Explainable AI for Weather and Climate
Weather and climate systems are inherently complex, dynamic, and nonlinear, posing significant challenges for the development of trustworthy artificial intelligence methods. In response, a collaborative project between the University of Reading and the UK Met Office is advancing research into explainable AI (XAI) specifically tailored to the study of the complex, sometimes chaotic, systems within Earth system science. The project investigates how XAI can be applied to regression problems in meteorology, aiming to make machine learning models more interpretable and scientifically grounded. Through a comprehensive review of current XAI approaches and targeted experiments, the team seeks to identify and test methods that can effectively explain AI predictions in the context of evolving physical systems.
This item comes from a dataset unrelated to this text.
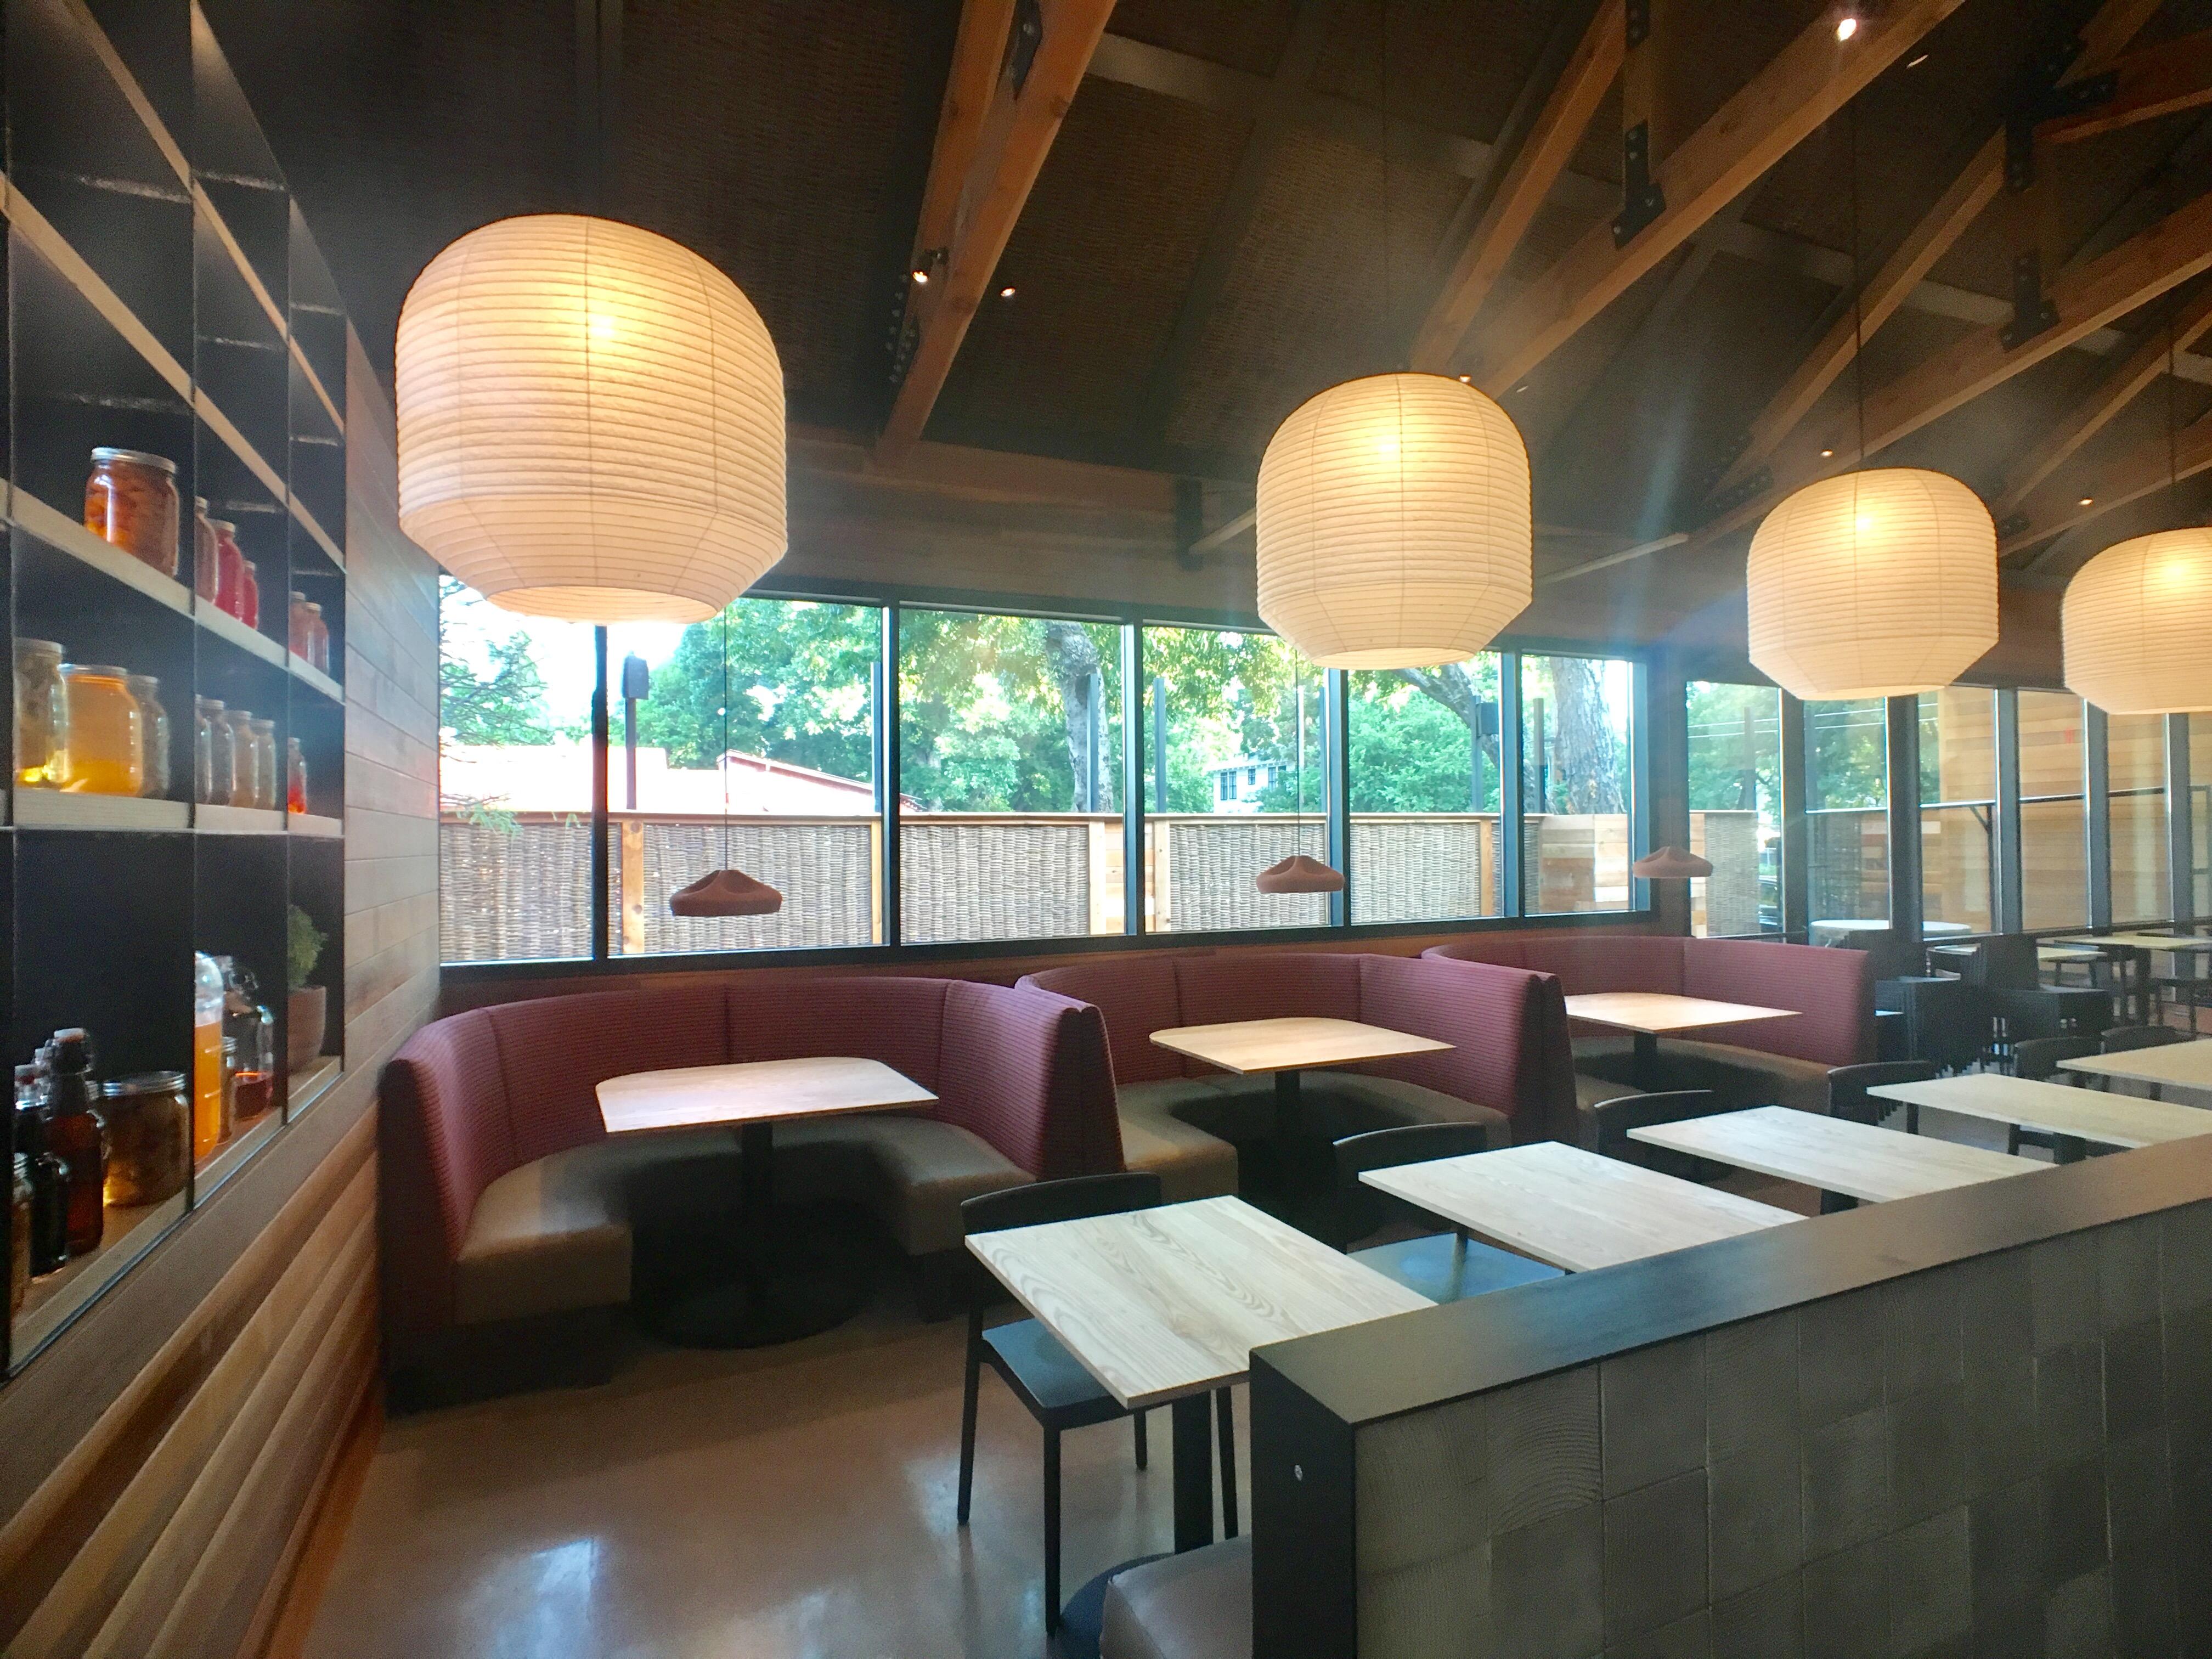 Pitchfork Pretty dining room
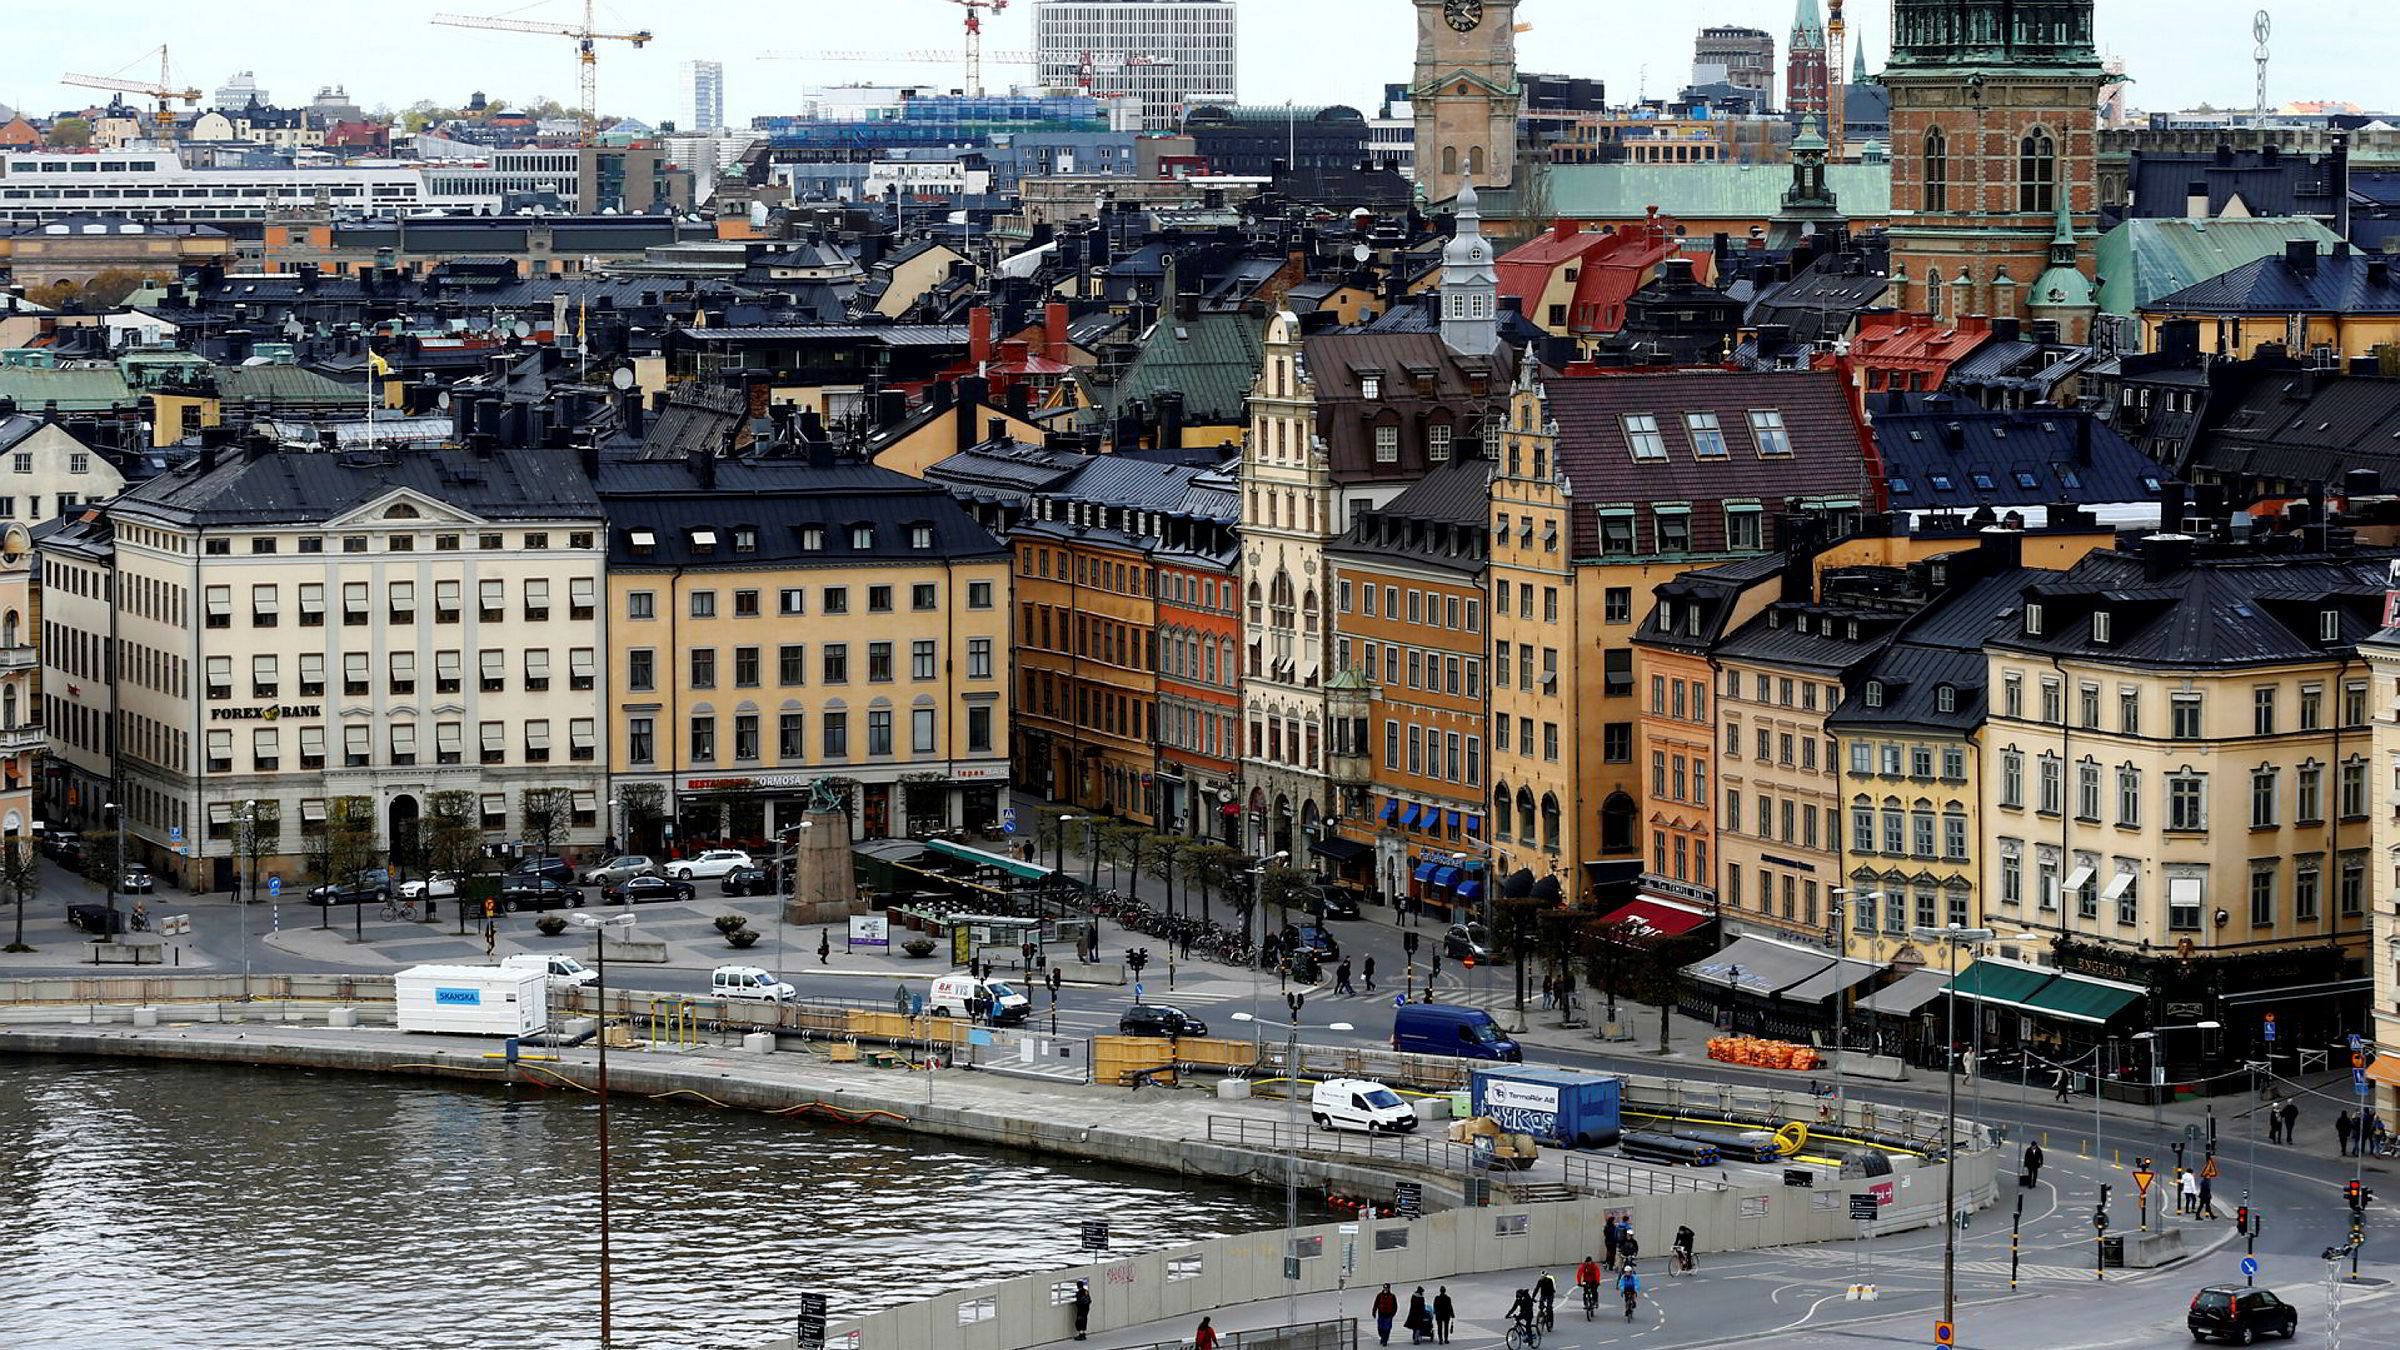 Analytiker hos det svenske Boverket venter prisras på boligmarkerdet i Sverige - særlig i Stockholm.

By bridging data science, atmospheric science, and dynamical systems theory, the project is helping to unlock the potential of AI to provide new physical insights, improve predictive understanding, and support more informed decision-making in weather and climate applications, paving the way for more transparent, reliable, and actionable Earth system science.
This project is funded through the Met Office Academic Partnership (MOAP), a collaboration between the Met Office and the University of Reading.